Over his 40-plus years as a physician, Timothy Harrington, MD, has seen countless changes come to his profession, from how it’s taught to how it’s practiced to how it’s financed. And while he has also witnessed dramatic medical advances, he’s concerned by what is happening to aspiring and practicing physicians confronting the lifestyle challenges that accompany a career in medicine. But he has a seven-point prescription for the fiscal woes that ail too many medical students, residents and young physicians.
Dr. Harrington, a rheumatologist, practiced for 35 years and also consulted extensively with physicians and health systems on effective practice. He retired four years ago, at 72, and has enough money for retirement and lives debt-free.
“Fortunately, I was in a very solid practice situation through the ’90s, when I was able to maximize my retirement contributions and the financial markets were compounding at the most rapid rate since I was born,” he said. “Not like today.”
Indeed, Dr.
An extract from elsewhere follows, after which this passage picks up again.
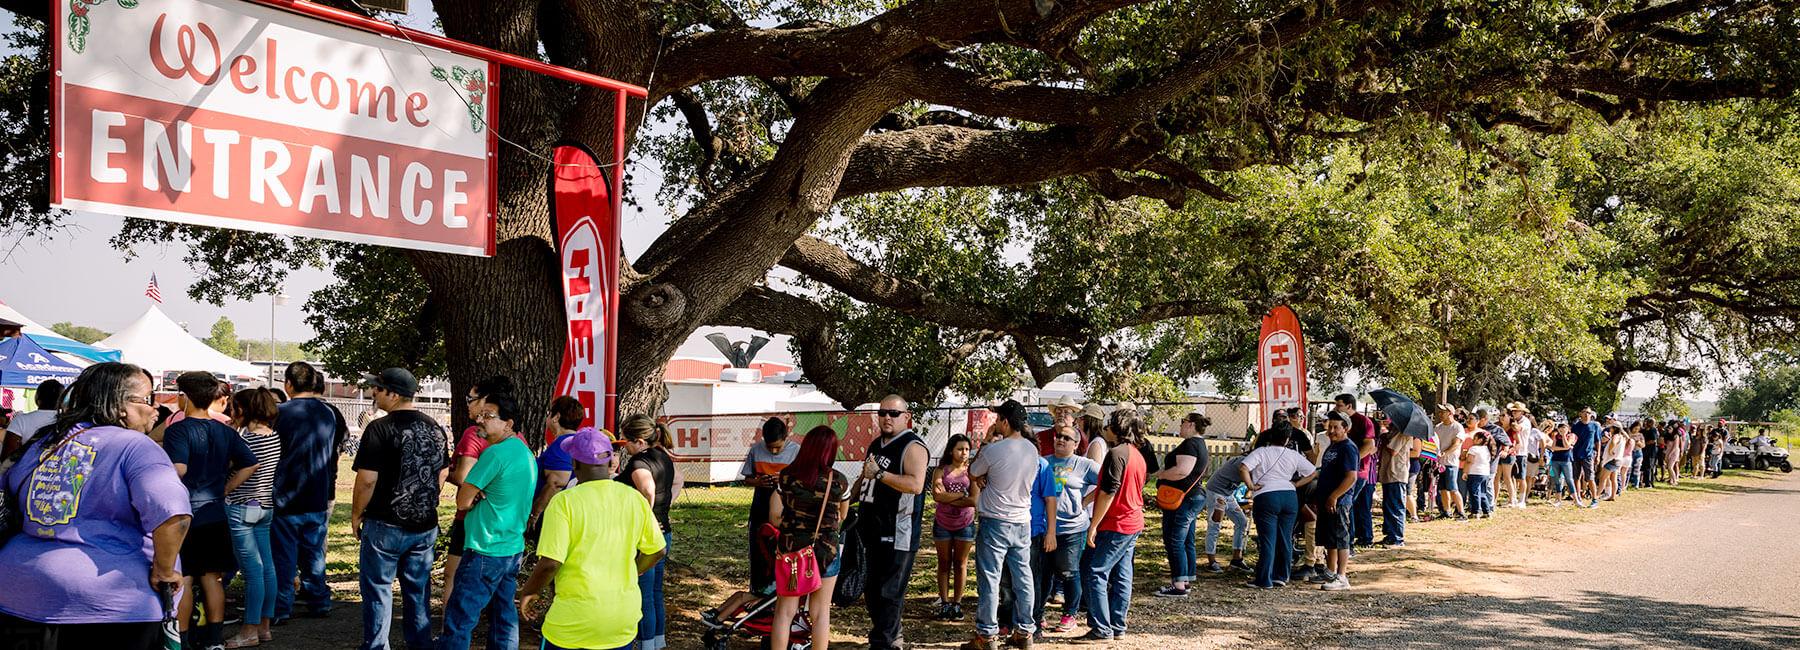 Ponchatoula Strawberry Festival 2020.Poteet Strawberry Festival 2020 Lineup Festival 2020

Harrington is part of a generation of physicians who, through much of their careers, enjoyed a financial environment radically different from today’s.
“I went to medical school at the University of Wisconsin for $225 a semester,” Dr. Harrington said. “When I graduated, in 1965, few physicians had debt. They were largely in the middle class and had relatively modest incomes and modest lifestyles. Physicians didn’t live in big houses and the costs of living and raising a family were modest too.”
The vast majority of medical students today graduate with debt, and a lot of it. According to the "2016 Report on U.S. Physicians’ Financial Preparedness©,” by AMA Insurance, 81 percent of physicians in their 30s are still paying medical school debt. Nearly half owed more than $150,000 in loans when they graduated.
Debt is only one typical financial challenge facing young physicians. According to the report, many in their 30s also consider themselves behind in saving for retirement, have less than $50,000 saved for retirement and lack a professional financial planner. At the same time, most physicians feel less than knowledgeable about personal finance.
“Almost nobody talks to young physicians about financial preparedness,” Dr. Harrington said. “The idea is that this is all about how much you know and then everything will take care of itself. But it doesn’t take care of itself, and stress, burnout and interpersonal problems are frequent outcomes.”
In fact, it’s the dissimilarity of his experience to that of successive generations of physicians that led Dr. Harrington to reflect on how he would approach a career in medicine if he had to do it all again. Here are seven suggestions he’s made to his own physician son and younger colleagues:
- Choose a specialty you love. “With increasing debt, young physicians’ specialty choices have become less about their highest interest and more about what makes the most money or is less demanding,” he said. “If you make good financial decisions during your training and downstream, you shouldn’t have a problem paying off your debt.”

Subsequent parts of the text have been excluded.